A ideia de fazer um livro para os netos surgiu colocando-os para dormir, balançando-me com eles na rede. Cansado de cantar as mesmas músicas de ninar, comecei a inventar historinhas com bichinhos, como uma lagartixa, que passeava pela parede, ou com os brinquedos que eles tinham, a exemplo de um cavalo e uma vaca, ambos de borracha, para os quais criei uma história de amizade, e também com um trator amarelo de Arthur, o Tutuco, a partir do qual criei a música Senhor Trator. Depois vi, que poderia escrever histórias em versos, já que tenho um bom ouvido para o ritmo do verso português. Na realidade, o primeiro texto que criei foi para Arthur, três meses mais velho que Clarinha. Arthur ainda estava em fase de aleitamento materno e criei para ele o Melô do Leitinho, no ritmo de funk e em versos heptassilábicos:
Mamãezinha, eu acordei
e estou preocupado:
onde está o meu leitinho,
que me deixa sossegado?
Sossegado, sossegado,
Sossegado, sossegado.
Vem, leitinho; vem leitinho;
vem, leitinho; vem, leitinho.
Se não tomo o meu leitinho,
eu já fico perturbado,
esperneio, choro e grito,
é um show bem orquestrado.
Orquestrado, orquestrado,
orquestrado, orquestrado.
Vem, leitinho; vem leitinho;
vem, leitinho; vem, leitinho.
O meu nome é Arthur,
sou o rei desse pedaço;
sou movido a leitinho
e a quentura de um abraço.
De um abraço, de um abraço,
de um abraço, de um abraço.
Vem, leitinho; vem leitinho;
vem, leitinho; vem leitinho.
De leitinho e de abraço;
vem, leitinho; vem, leitinho;
vem, leitinho; vem, leitinho;
de leitinho e de abraço.
Com o passar do tempo fui criando as historinhas que compõem o meu livro – Histórias em versos do vovô Milton (João Pessoa, Ideia, 2017). Trata-se de um livro simples, com capa colorida, mas miolo em preto e branco, por causa dos custos. São quatro historinhas. Três delas são de minha autoria, envolvendo algum fato com meus netos: um sapo que apareceu na casa de Arthur, ao qual ele deu o nome de Joaquim (O Menino e o Sapo); um gafanhoto que ele descobriu andando na viga da coberta do terraço de casa (Arthurzinho e o Gafanhoto); uma abelha, um urso, uma libélula e um cacho de uvas, que faziam a estampa do pijama de Clarinha, sendo ela a autora da ideia (História do Urso, da Libélula e da Abelhinha). A quarta história, a mais longa de todas, é uma recriação de O Lobo Mau e Os Três Porquinhos.

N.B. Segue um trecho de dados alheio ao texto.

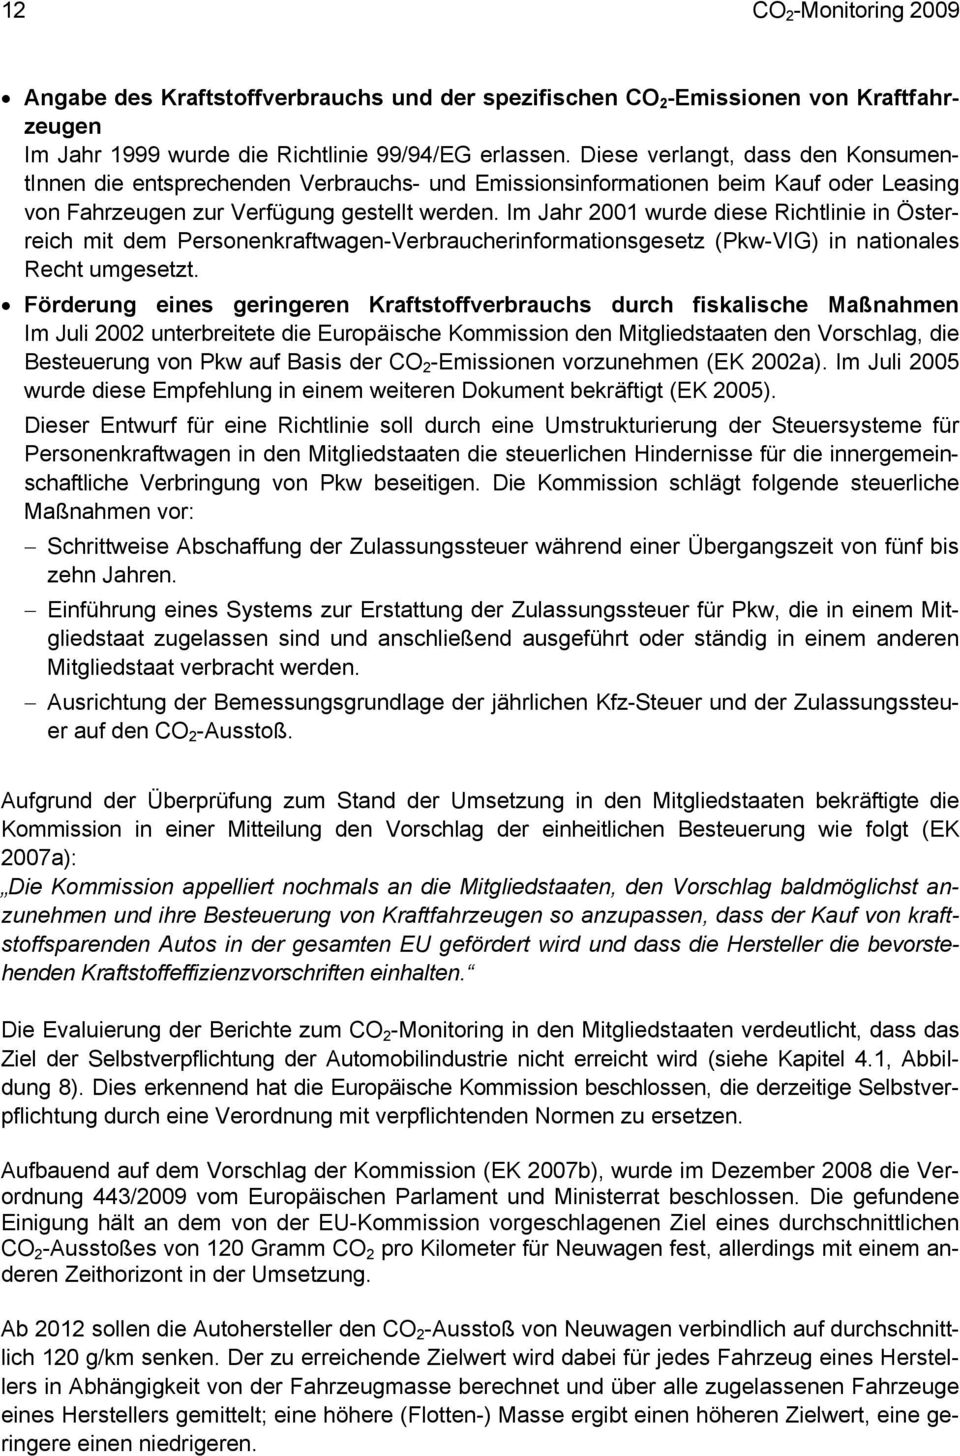 Im Jahr 2001 wurde diese Richtlinie in Österreich mit dem Personenkraftwagen-Verbraucherinformationsgesetz (Pkw-VIG) in nationales Recht umgesetzt.

Há duas revelações importantes a fazer. Uma é que antes de publicar as historinhas, leio o texto para os meus netos, aplicando acentuadamente o ritmo, para que eles percebam a musicalidade. Sendo a língua musical, deve entrar pelos ouvidos e não pelos olhos. A reação é a melhor possível. Eles ficam atentos e pedem sempre para que eu conte outra vez. Clarinha é sempre a mais ligada e gosta de historinhas mais longas. Arthur ouve atento, mas para ele não importa se a história é longa ou curta. Ele gosta de histórias, ponto. A outra revelação é que crio as histórias a partir de situações vividas por Tutuco e Clareta Mutreta, apelido que dei a Clarinha. Nunca escrevo sem ter em mente algo que eles tenham dito ou vivido. Desse modo, procuro criar uma trama para cada história. Não se trata apenas de brincar com as palavras e o ritmo. Se brinco com as palavras, também vejo que posso ensinar com o poema e com a historinha contada, aproveitando algumas histórias que ouvi na minha infância, como é o caso de A História do Sapo Bocarrão:
Eu sou o sapo Bocarrão, mas já me chamei Joaquim.

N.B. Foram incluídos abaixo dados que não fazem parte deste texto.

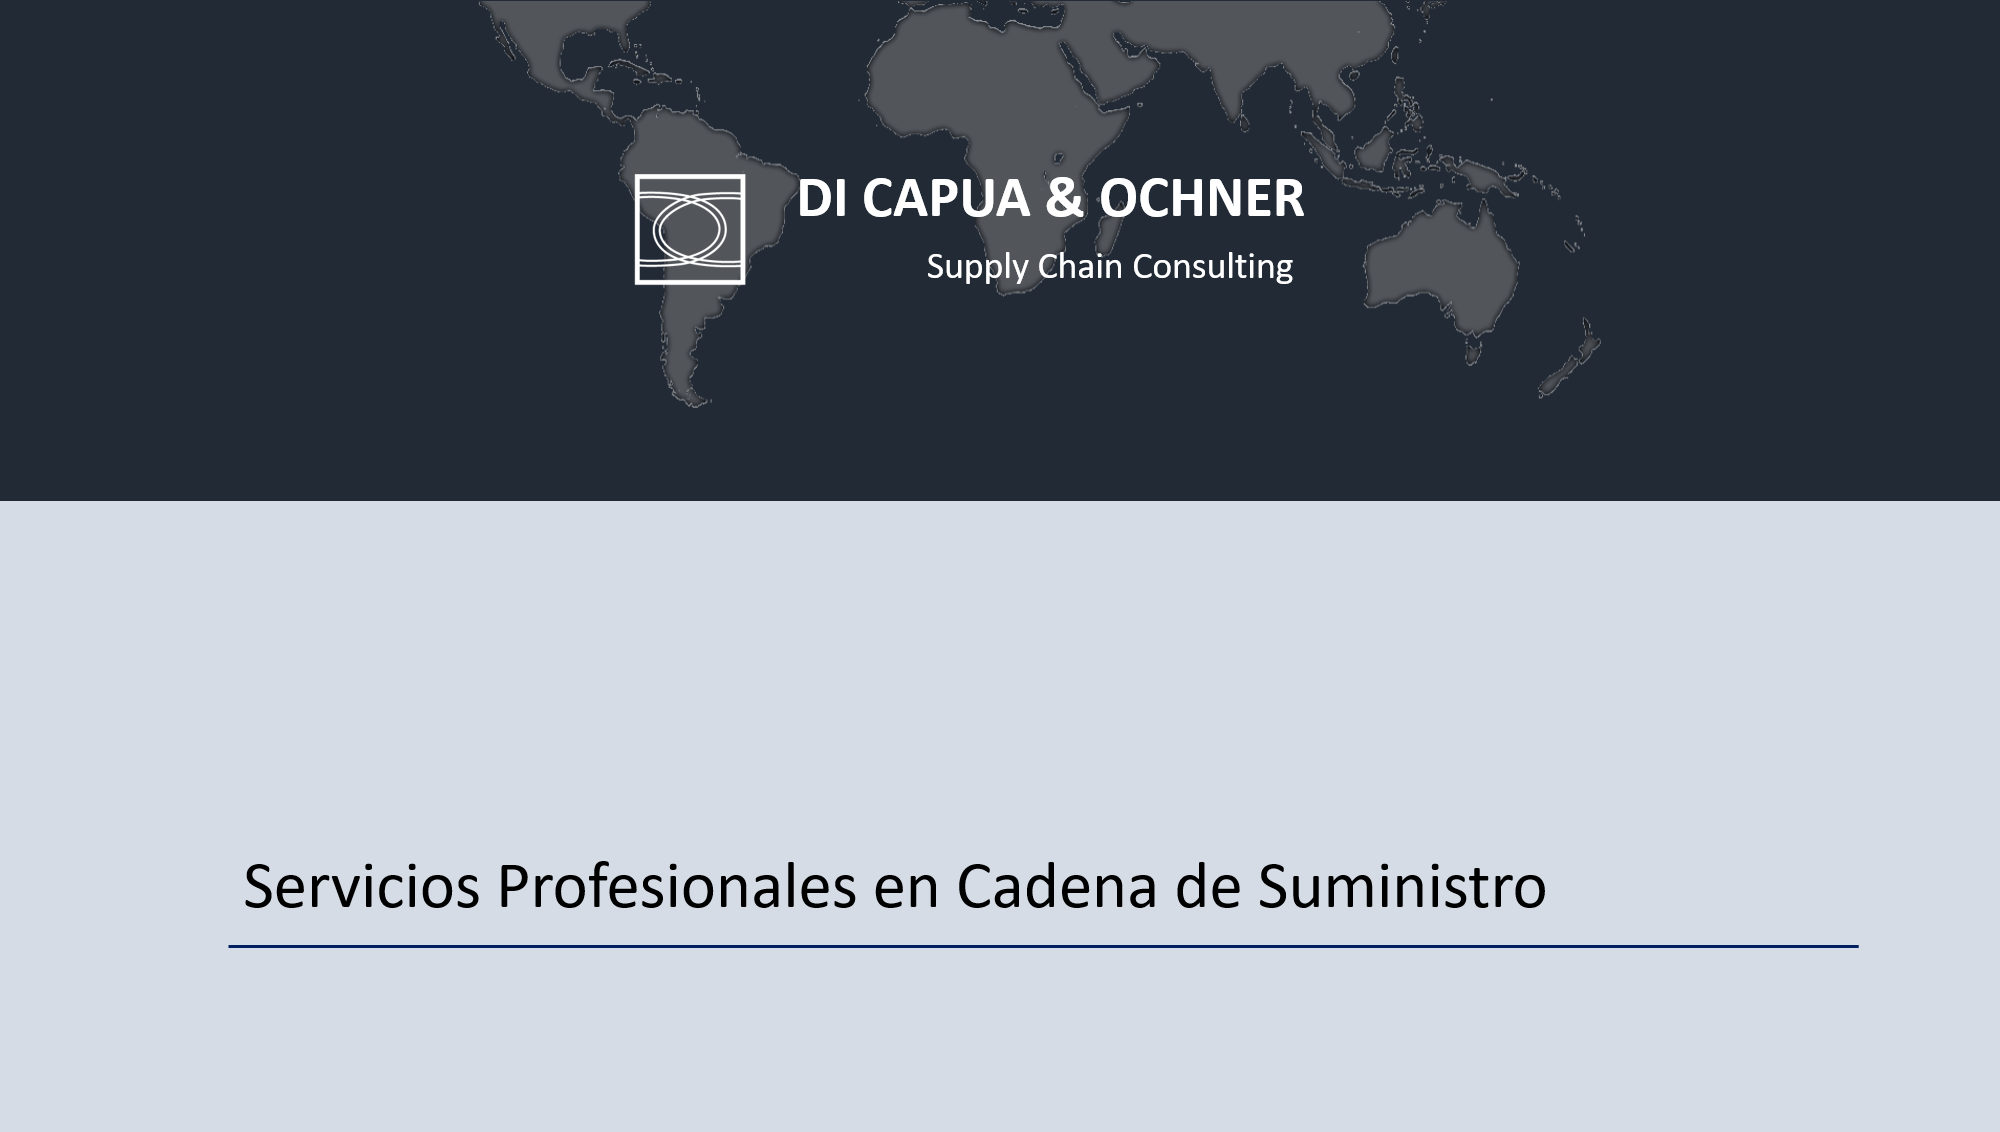 Di Capua & Ochner - Supply Chain Consulting

Vou contar-lhes minha história, do início até o fim.
Muito tempo eu morei, na casinha de um menino,
No jardim, dentro de um jarro, pois eu era pequenino.
O menino era Arthurzinho, para mim um grande amigo,
Deu-me casa e comida, deu-me, enfim, um bom abrigo.
Eu cresci e fui embora. Arthurzinho também cresceu,
Mas não sabe nem metade do que me aconteceu.
Ao sair de sua casa, um atalho eu peguei,
Fui bater numa floresta e, então, me assustei.
Eu fugi de uma cobra e também de uma coruja
E de gente que dizia: “⏤ Não permita que ele fuja!”.
Fui pulando aperreado, consegui me esconder:
Uns querendo me matar, outros querendo comer.
Quando tudo se acalmou, da minha toca eu saí,
E ainda atarantado, dentro d’água eu caí.
Me salvou uma cegonha, gente boa, gente fina,
Mas pensei: “⏤ Agora, eu morro! Como é triste a minha sina!”
A cegonha, no entanto, não estava à minha caça,
Ela era mesmo amiga, muito mesmo boa-praça.
Me salvou e foi dizendo que uma festa ela daria
E que eu era convidado; que tamanha cortesia!
Eu gritei “Oba! “Oba!”, de entusiasmo cheio,
A cegonha, então, me disse, bem direta e sem receio:
"⏤ Pra minha festa, só virá quem tiver boca pequena!”
Eu arredondei a boca, busquei pose bem serena,
E falando bem pausado, quase me pondo de pé,
Respondi-lhe, prontamente: “⏤ Coitadinho do Jacaré!”
Tudo o que crio é, antes, para a minha satisfação e, no caso dos poemas infantis, para a satisfação dos meus netos. Afinal de contas, além de professor, sou vovô. Estes dois créditos me bastam.Escrever as histórias foi uma alternativa que encontrei, com relação ao que existe no mercado do livro infantil. Acho que o nosso mercado editorial, de uma forma geral, vai mal, no que diz respeito à literatura Infanto-juvenil ou adulta. Precisamos repensar o que se está publicando em escala industrial, como se os leitores estivessem numa esteira de consumo, como o livro está numa esteira de produção. Em muita coisa que se publica, para o público infantil, a criança é tratada como se não tivesse inteligência ou criatividade, porque o que chamam de texto obedece a uma linha de montagem, muitas vezes repetitiva. Isto não quer dizer que o livro que publiquei é a oitava maravilha do mundo, sendo a primeira, como muitos autores consideram a sua obra. Não. Escrevo porque gosto, porque sinto necessidade, pela satisfação de deixar para meus netos alguma lembrança boa, com textos que refletem o meu amor por eles. Não escrevo para ficar famoso ou rico. Escrevo porque, para mim, é natural e prazeroso. Se o livro terá um alcance maior do que o círculo familiar e a alegria dos meus netos, isto não me preocupa. O prazer de escrever para deleitar e ensinar é lição que vem do poeta latino Horácio, do século I a. C.
Escrevo pela alegria de escrever. Precisamos resgatar essa alegria.